To see heaven in a flower

Recently, I moved this  Mary figurine off of the bookshelf and into the kitchen window.

I got the idea to do so from a friend of mine, who has a Madonna and child statue standing in her kitchen window.   I saw that and thought, I need some  Mary in my kitchen, too.   (Not to say that she’d been totally absent; on the fridge is a fabulously kitschy magnet of the Holy Family that I bought in New York’s Little Italy about twelve years ago).   But I felt the need to have Mary displayed a little more prominently, so I added her to the greenhouse window, right in front of the Gurgling Cod pitcher that my Bostonian friend gave me for my wedding shower.

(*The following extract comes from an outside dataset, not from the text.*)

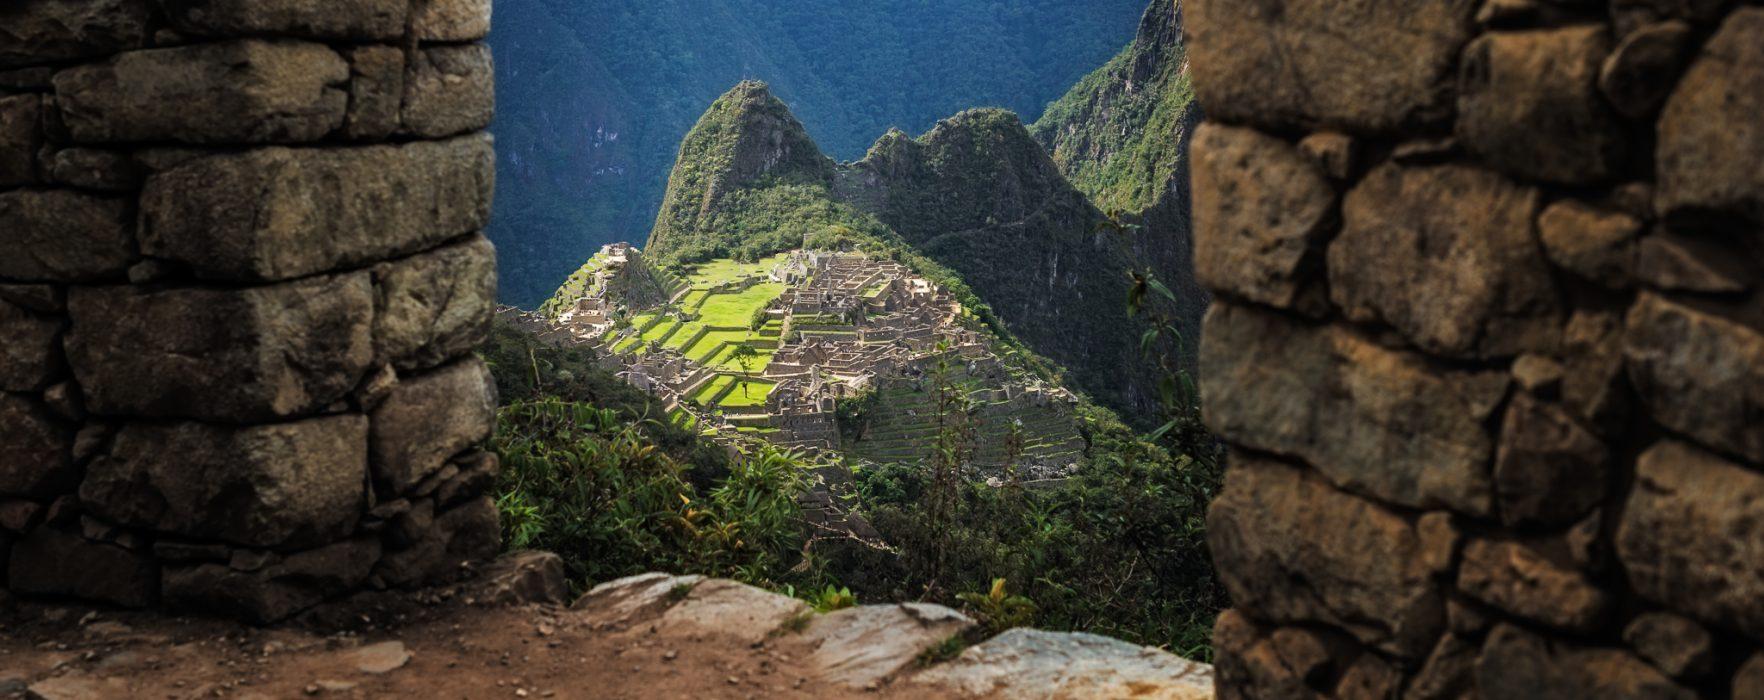 #668. Machu Picchu Postcards

I like this little statue of Mary because she’s smiling into the petals of a rose.   I have kind of a thing for roses, as you might know, so this Mary looks like a true kindred spirit.  And I love the image of a woman pausing in her day to gaze into the depths of a flower, which, if you’ve ever done it, is quite an awe-inspiring experience.  This evening, as I was making dinner and looking at Mary, I found myself remembering a line  from a William Blake poem: “To see a world in a grain of sand, and heaven in a wild flower.”

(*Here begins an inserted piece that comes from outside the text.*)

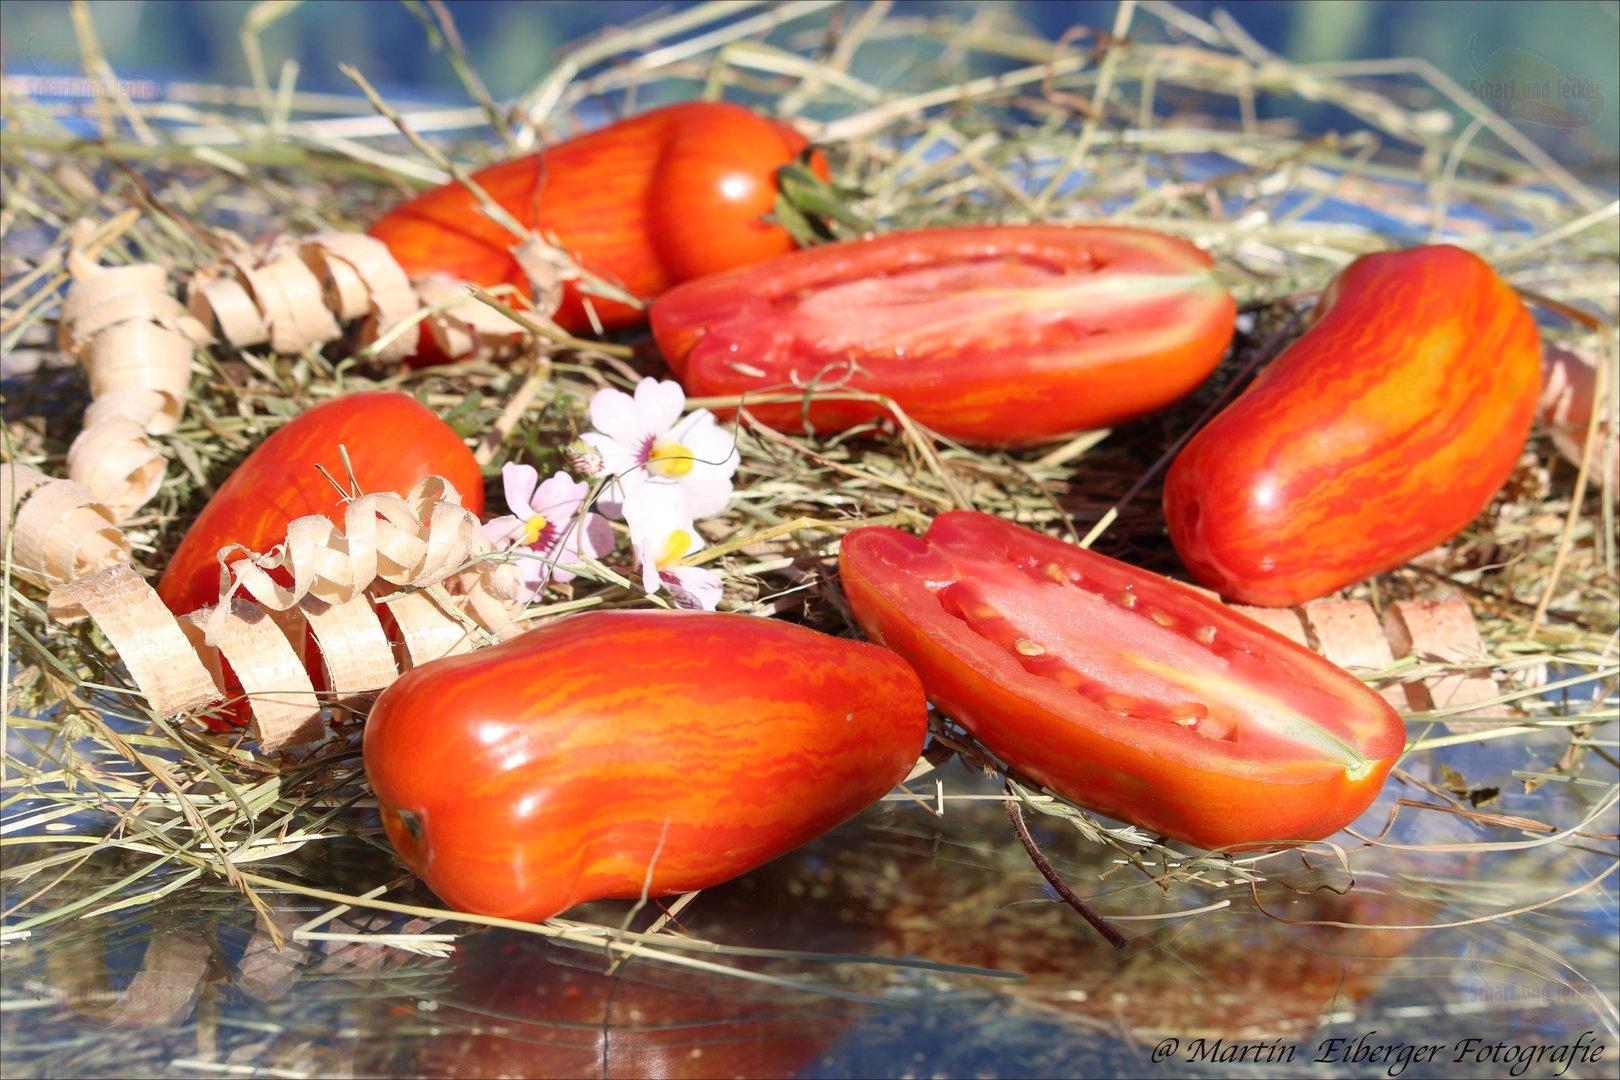 don juan tomate mit walzenf rmigen fr chten tomaten samen. Black Bedroom Furniture Sets. Home Design Ideas

By putting Mary in the kitchen window, I’d hoped to add a little blessing to the chaos of my kitchen.   There are many, many times that I am in this room and I’m frazzled: mornings when I am hastily slapping together a sandwich before heading out to work; evenings when I am making dinner and assembling the boys’  lunches for the next day, trying to keep track of who eats what; afternoons when I am unloading the dishwasher while keeping one ear cocked to the ominous thumps in the living room, which usually indicate that my sons are doing things like jump from chair to chair in the manner of Arctic  ice floes, a pastime which never ends well.  There are times where being in the kitchen is wonderfully relaxing — weekend mornings, say, when I have time to linger over coffee and admire the sunshine drenching the room — but a lot of the time, when I’m in here, my own stress level is close to boiling and my own mind is as cluttered as the chaotic shelves of my fridge.

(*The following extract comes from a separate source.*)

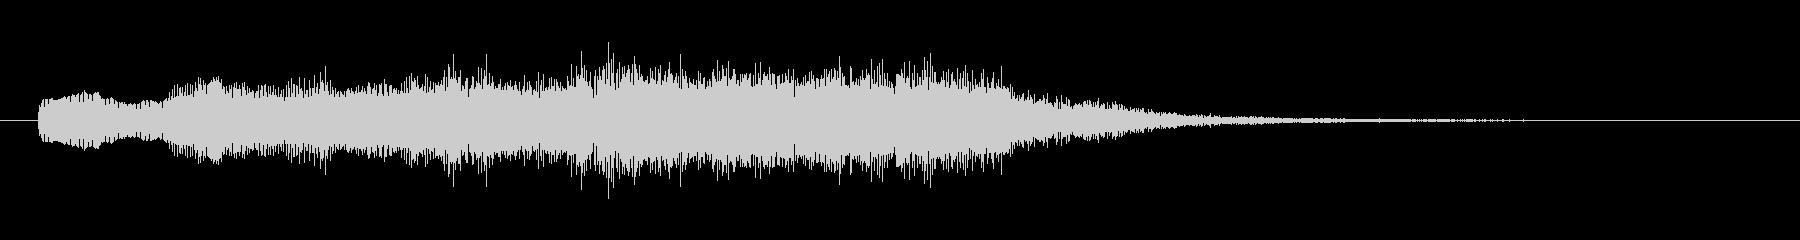 壮大なシンセサイザーコーラスのSE03の未再生の波形

Hence the addition of Mary.   If anyone can impart a little calmness to this crazy scene, I figured that she can.

And you know what?  Having her there makes a difference. I’m not going to say that I have become totally serene, or that I don’t still rush around like the cook on Downton Abbey, hastily banging pot lids on the stove.  But in all the rushing, I see Mary and her flower, and I’m reminded that there is something sacred in all of this.  Catching a glimpse of her is like a wordless prayer: she reminds me to breathe, and to remember that I have a faith and a belief system that recognizes the holiness in the everyday.  She is a reminder that all the things I do in the kitchen, even if they are frustrating, stem from the blessings that exist in my life, layer upon layer of them.  Those dirty dishes are proof of enough to eat; the lunchboxes I pack are proof of my boys, whom I love beyond words; the coffee grounds that I wipe up are proof of my husband, coffee-maker extraordinaire and my soulmate to boot.   If I stop and look into my life, I see those blessings, layered as deep as the petals in a rose .. and I’m all the happier for doing so.

That’s why I love having her here, this Mary in the window.  She invites me to see heaven in a wildflower, yes — and she invites me to see heaven in my own kitchen, too.